AmorChem has invested in and spun out two new startups devoted to tackling inflammation and ocular diseases.

The VC firm separately funded both Corbin Therapeutics and SemaThera to the tune of $1 million seed cash each.

Corbin is a drug discovery platform that identifies and develops novel “USP15 inhibitors” for treatment of inflammation diseases such as multiple sclerosis. SemaThera is a Montréal biotechnology company focused on the development of novel “SEMA 3A TRAP” inhibitors for the treatment of ocular diseases such as diabetic macular edema.

AmorChem is a Montreal-based venture capital firm that invests in life science projects from Quebec-based universities and research centres. The main limited partners of the fund are Investissement-Québec, FIER Partenaires, Fonds de solidarité, FTQ and Merck & Co. It’s managed by Canadian life sciences venture capital firm GeneChem, which started back in 1997.

“Corbin Therapeutics is the perfect example of a university asset which can be turned into a drug discovery platform company around well-defined therapeutic targets,” said Dr. Inès Holzbaur, managing partner at AmorChem.

Corbin seems to be a high-potential life science startup. Maxime Ranger was appointed the Montréal-based startup’s CEO, while Dr. Philippe Gros, who researched the USP15 technology, was named its scientific advisor. Ranger’s resume fits well with the startup: a serial entrepreneur in the pharmaceutical industry who specialized in drug development in oncology, hepatology, gastroenterology and metabolic conditons, such as obesity. Ranger is a Ph.D. chemist with postdoc trainings oriented to drug delivery, formulation development and nanolithography.

Dr. Gros, meanwhile, is a McGill University professor who specializes in cancer resistance to chemotherapy and genetic models of innate resistance or susceptibility to disease.

Ranger has also been announced as SemaThera’s CEO. Dr. Przemyslaw (Mike) Sapieha, who researched the SEMA 3A technology, will be appointed CSO.

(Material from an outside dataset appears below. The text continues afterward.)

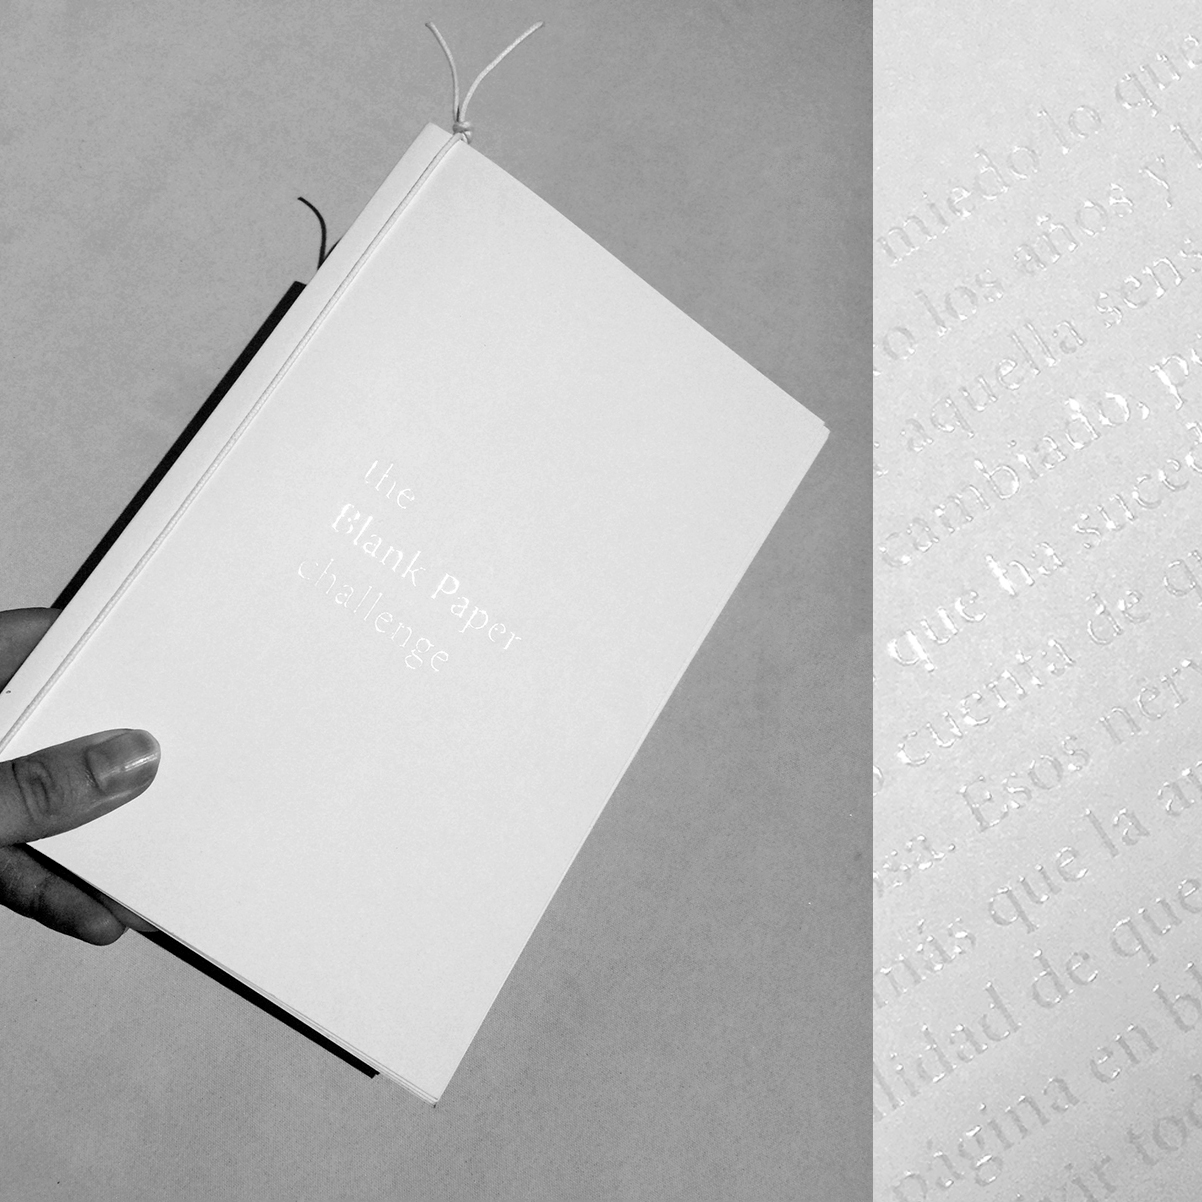 Participa y gana una libreta exclusiva de The Blank Paper Challenge

The SEMA 3A technology emerged from the laboratory of Dr. Sapieha at the Hôpital Maisonneuve-Rosemont (HMR, CIUSSS de l’Est-de-l’Île-de-Montréal), who identified SEMA 3A as a novel target for ocular diseases.

“Diabetic macular edema is a common feature of retinopathies and affects a fourth of diabetic patients,” said Dr. Elizabeth Douville, Managing Partner at AmorChem. It’s the most prevalent ophthalmologic condition faced by diabetic patients and the leading cause of vision loss in adults of working age. Today, up to 40 per cent of DME patients are poor-responders to anti-VEGF therapies and intravitreal injections of SEMA 3A inhibitor is clearly seen as a promising option.”

“The spin off of SemaThera validates again the AmorChem model; identifying academic projects with high commercial potential, validating them within the academic setting and then spinning them off into companies,” added Holzbaur.